Ask yourself this: Are you comfortable? You mention W has a comfortable life, do you have an equally as comfortable life? Do the kids?
IHS. Are you and her eating together? Anything still joint? Laundry, meals, sleeping, travelling/commuting? Not saying it can’t be, just looking accurately is all. Remember, W needs to feel the loss of you, before she can miss you.
Time and space for angry justifying feelings to burn out, and other more helpful to your cause emotions to surface. Guilt, shame, loss, and such.
Do steer clear of relationship talks.
Originally Posted by Lb23
gotten drawn into two arguments about separating recently, which she still feels strongly about.
Yep, arguing feeds her narrative and justifications. She will bait you. Try to draw you in. She needs to. Especially if her resolve starts to wavier.
I empathize with your reactions. Keep working on detachment and indifference. Realize you control you. Don’t take the bait. You can just walk away and let her be wrong.
I’d not ask/tell W to get a job. That will just foster arguing. Got to come at things sideways. If she feels something is her idea or choice there is a better chance of it happening.
If you are not ok with present state of your or kids’ comfort then: I’d present the household expenses to her. The “being separate” expenses which will clearly indicate her share. Of course, you cannot forgo the non-discretionary expenses. However, you can ease back on the discretionary ones. Doing more of what works and less of what doesn’t. It’s IHS after all.
Such pulling back of funding her lifestyle will have repercussions. She may also realize she needs to get it in gear and get a job and grow up. Ah, accountability and responsibility. Remember, you can only lead a horse to the water, you can’t make them drink.

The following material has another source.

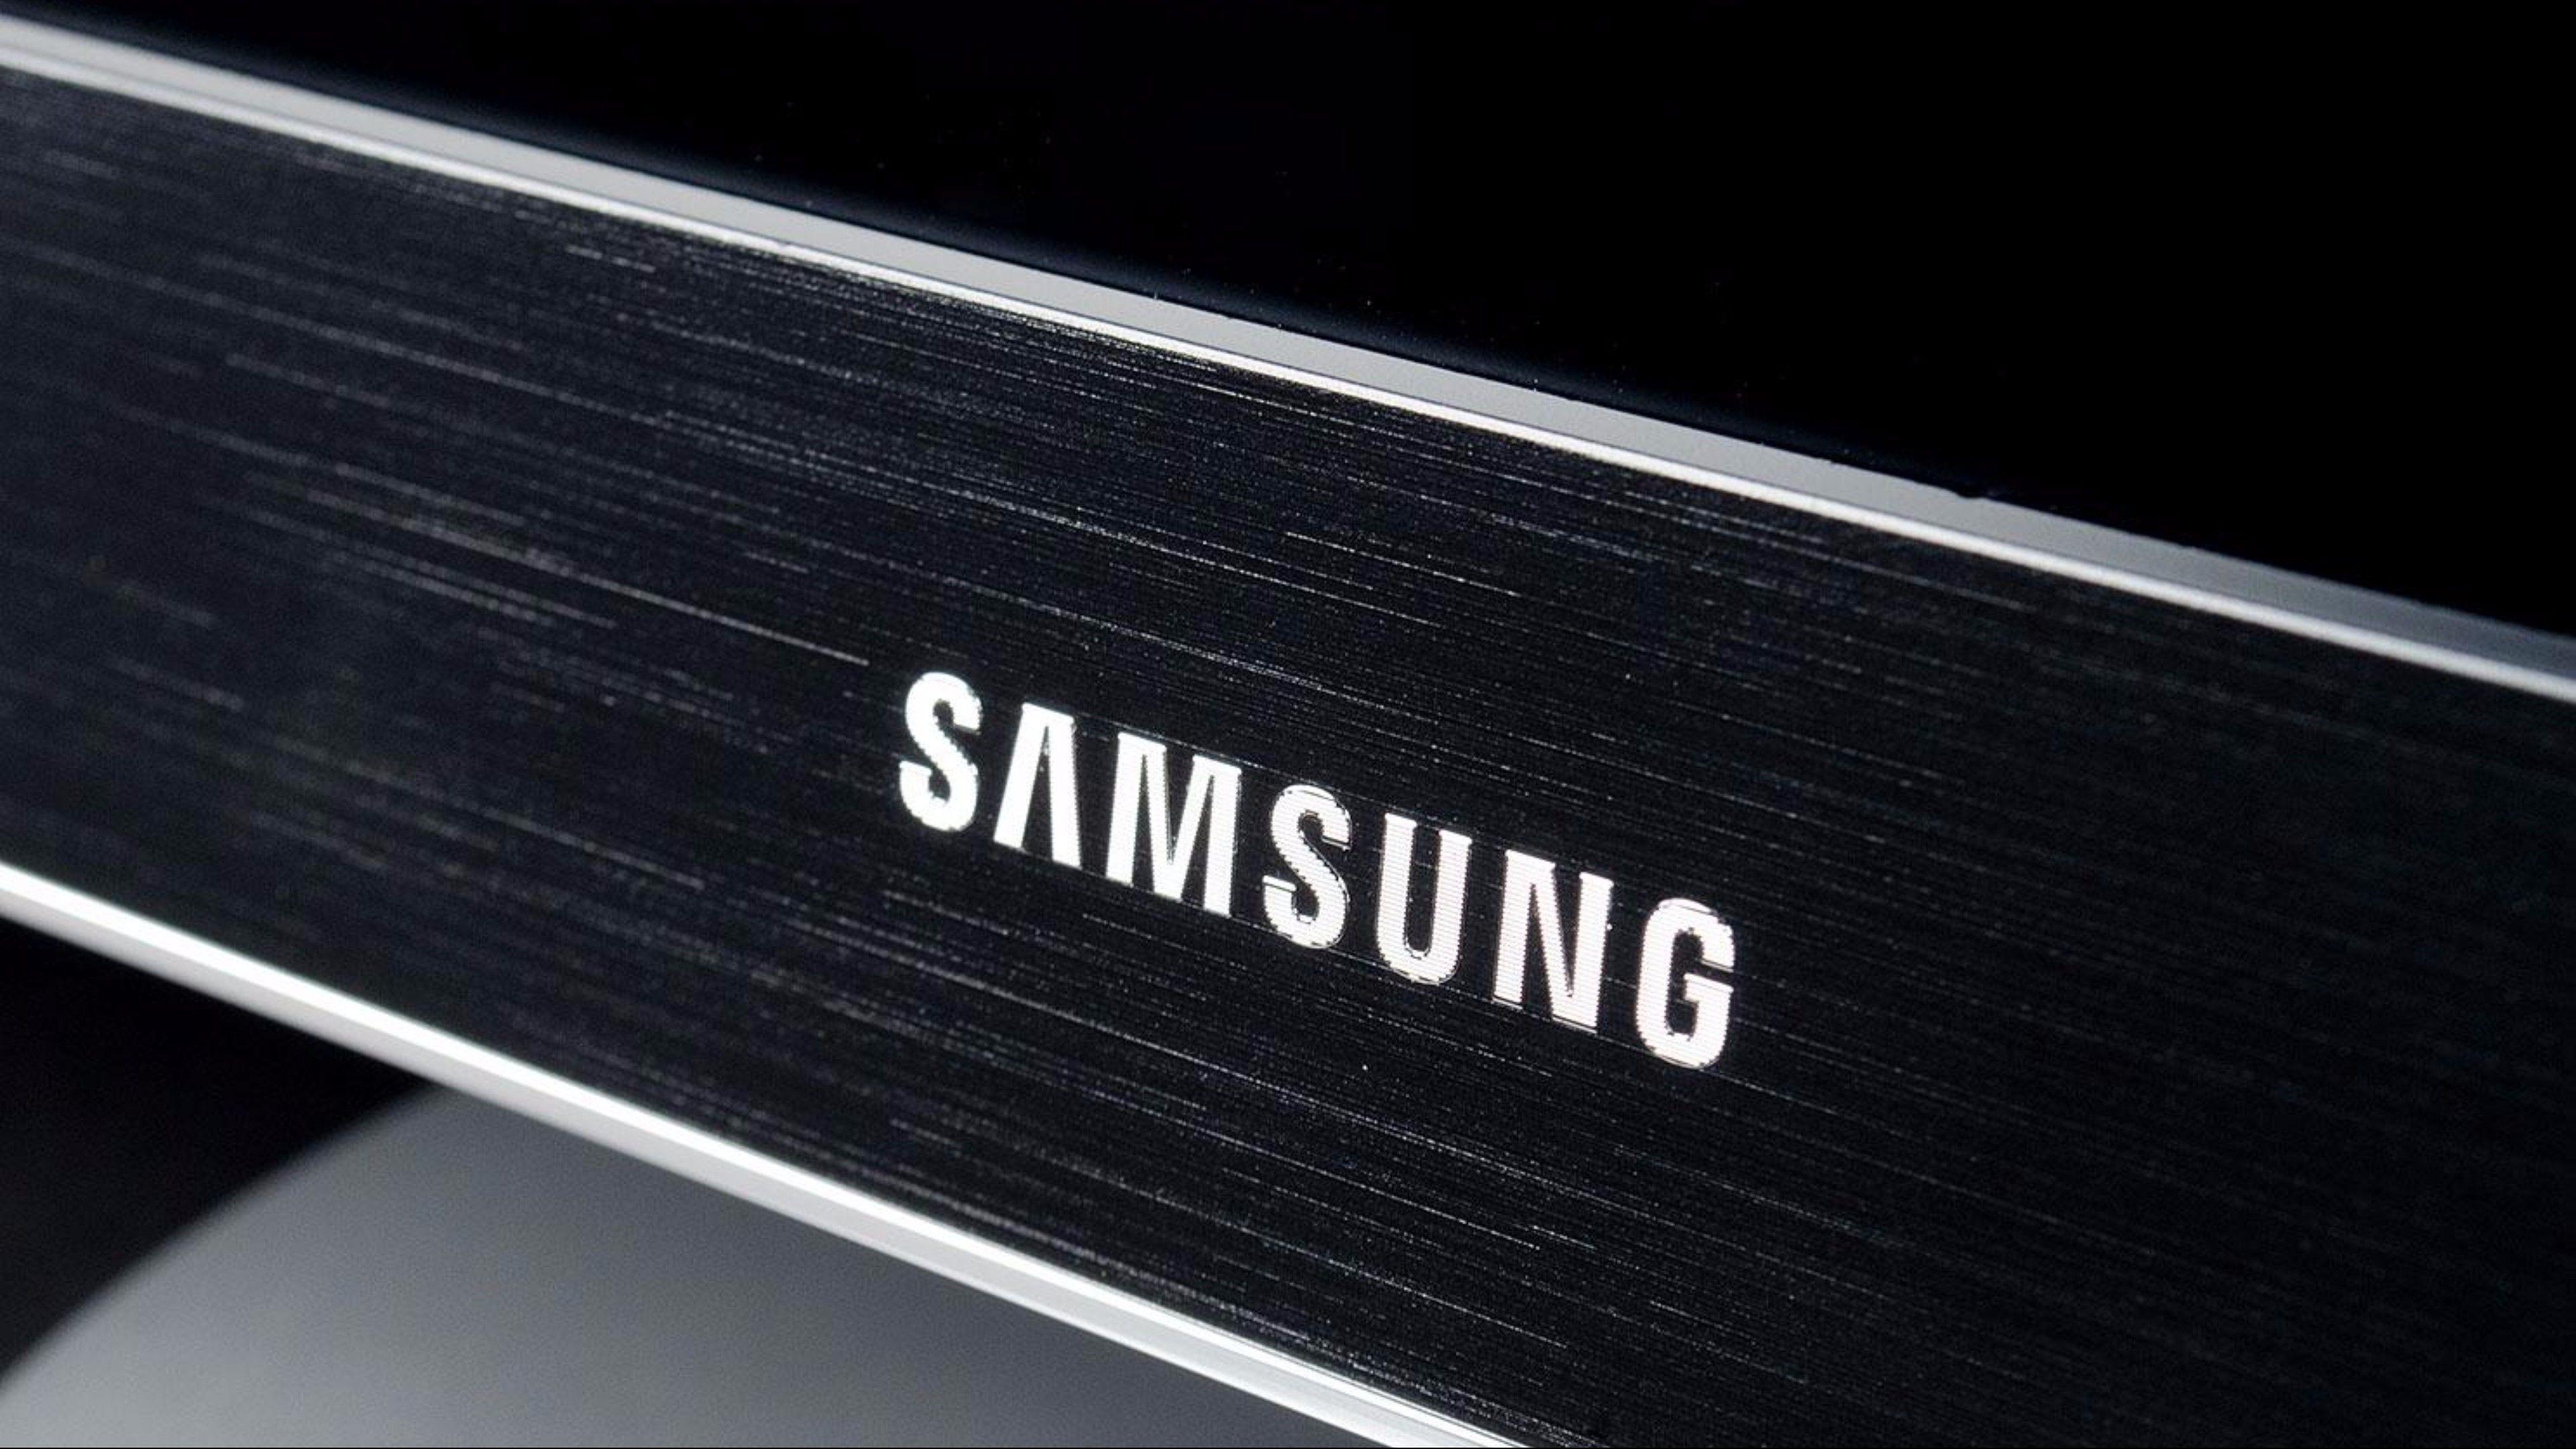 Samsung 4k Logo Wallpapers Top Free Samsung 4k Logo Backgrounds Wallpaperaccess
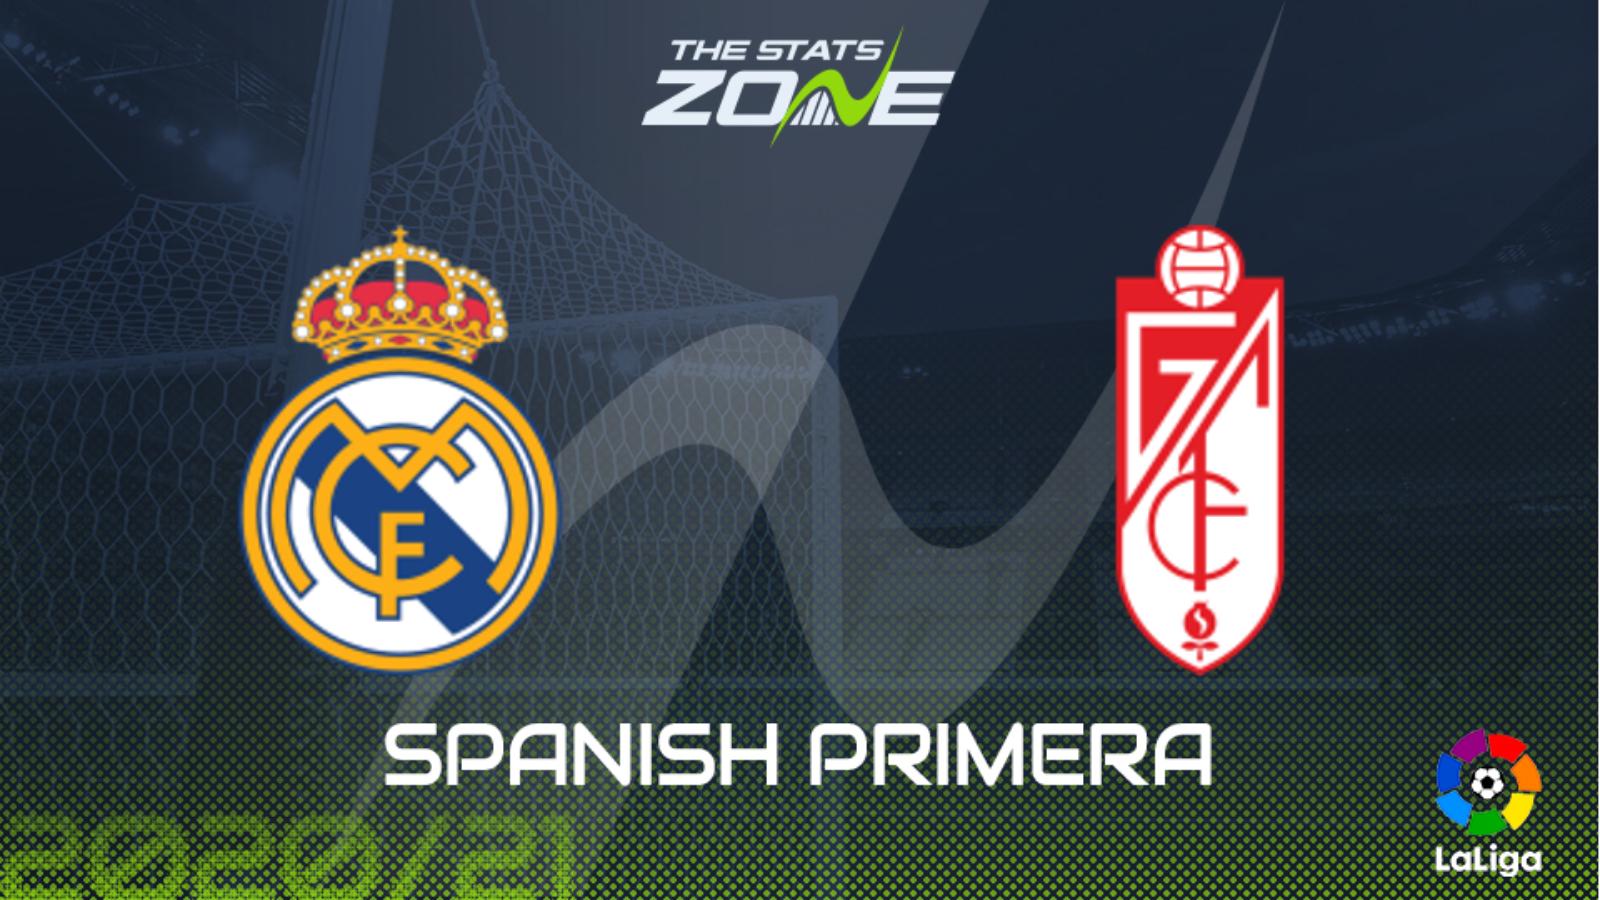 Granada vs real madrid betting preview karrakatta plate betting advice

By the way, it doesn’t have to be financial, or only financial. For example, cease joint car rides to places, if you are doing so. Sure, taking two cars is a pain. That’s the point. Let her feel it.
Originally Posted by Lb23
Detaching is hard for me, yet I have made progress. I give my wife lots of time and take on a lot of the household plus look after my kids next to a fairly intense job; I am not sure if I do not overdo it. I have some holidays coming up, including a week to myself which I really need.
Continue to give time and space. You really cannot overdo that. As long as she is wanting out of the marriage - give lots of time and space. She needs it, and will take it. Don’t walk on eggshells or be a doormat either.
Keep moving forward and enjoy your upcoming holiday.
D
Feelings are fleeting. Be better, not bitter. Love the person, forgive the sin.